Why Greedy Works Here
If we’ve processed all edges shorter than e, and e connects two separate components, we must add it. Any MST that doesn’t include e would need a longer edge to connect those components later, making it suboptimal.
This is different from many graph problems where greedy fails. For example, the shortest path problem requires Dijkstra’s algorithm—greedily taking the shortest edge at each step doesn’t guarantee the optimal path.
Complexity Analysis
For a graph with V vertices and E edges:
- Sorting edges: O(E log E)
- Union-Find operations: O(E × α(V)) ≈ O(E)
- Total: O(E log E)
For the Advent of Code problem with ~2500 junction boxes:
- E = C(2500, 2) ≈ 3,125,000 possible edges
- Sorting: ~49 million comparisons
- Union operations: ~3.1 million (nearly constant time each)
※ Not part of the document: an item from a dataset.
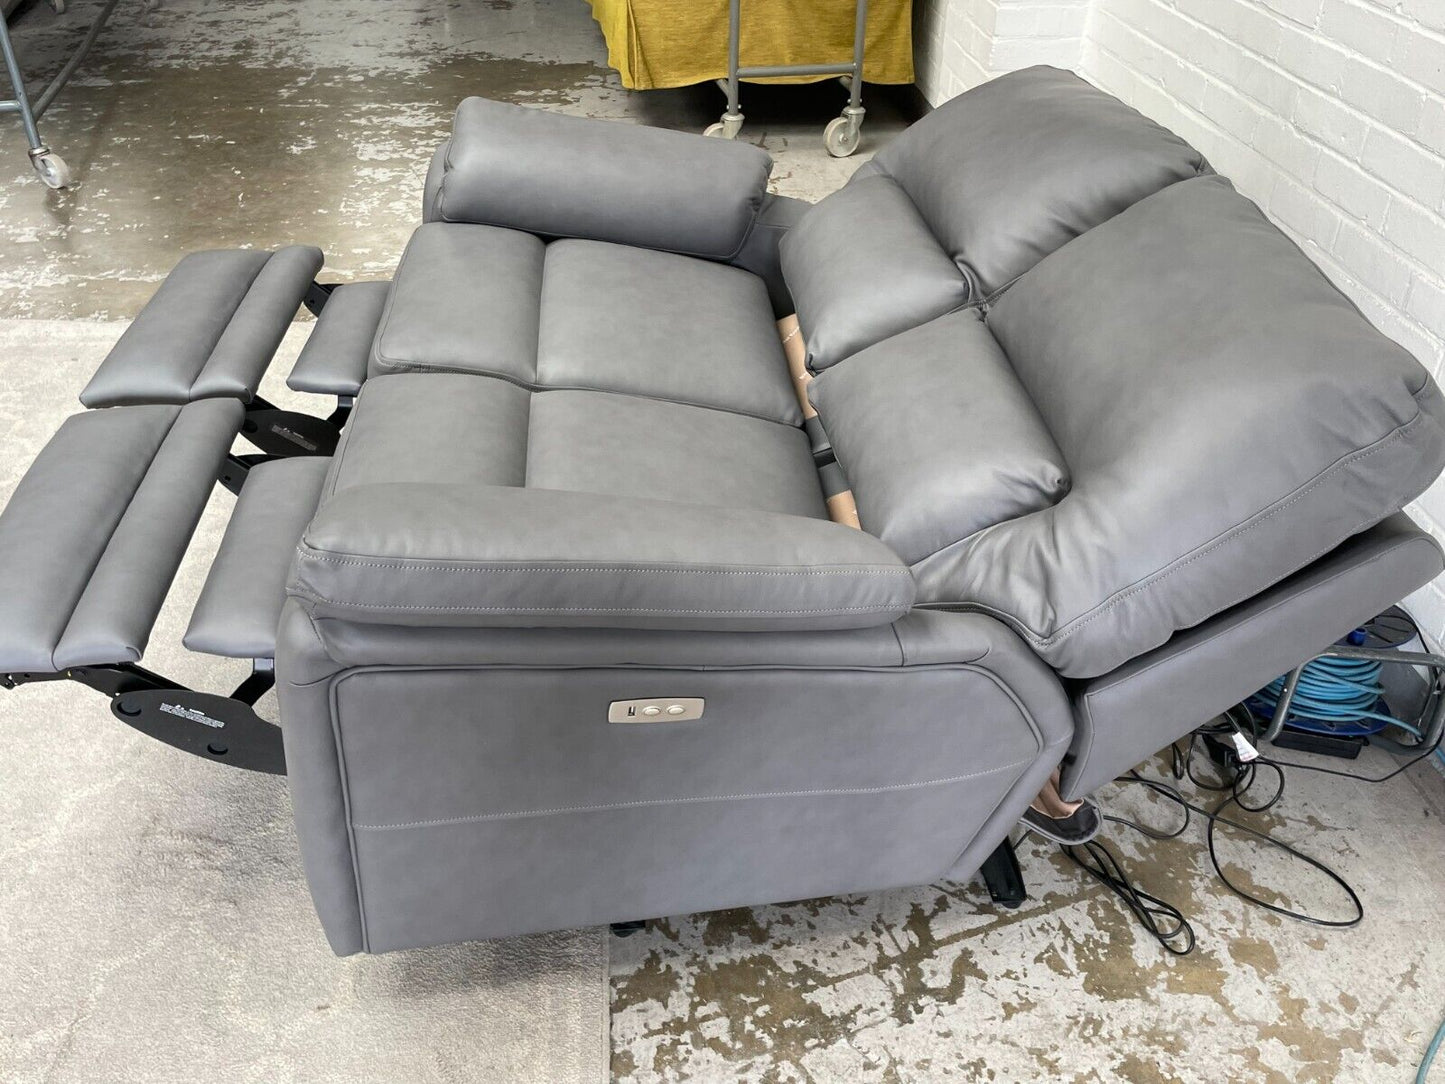 Parker Knoll Hampton Grey Leather Power Recliner 2 Seater Sofa

A naive approach checking all possible spanning trees would be exponential… completely impractical!
When to Use Kruskal’s
Kruskal’s algorithm is ideal when:
- You need a minimum spanning tree
- Edges can be easily sorted
- You already have an edge list (rather than an adjacency list)
- You care about the order edges are added (like in Day 8 Part 1: “process the first 1000 edges”)
For dense graphs or when starting from an adjacency list, Prim’s algorithm is an alternative that builds the tree incrementally from a starting vertex without needing to sort all edges upfront.
Key Takeaway
The elegance of Kruskal’s lies in its simplicity: sort edges, add them greedily while avoiding cycles. The Union-Find data structure transforms cycle detection from a potentially expensive graph traversal into a near-constant-time operation, making the entire algorithm practical and efficient.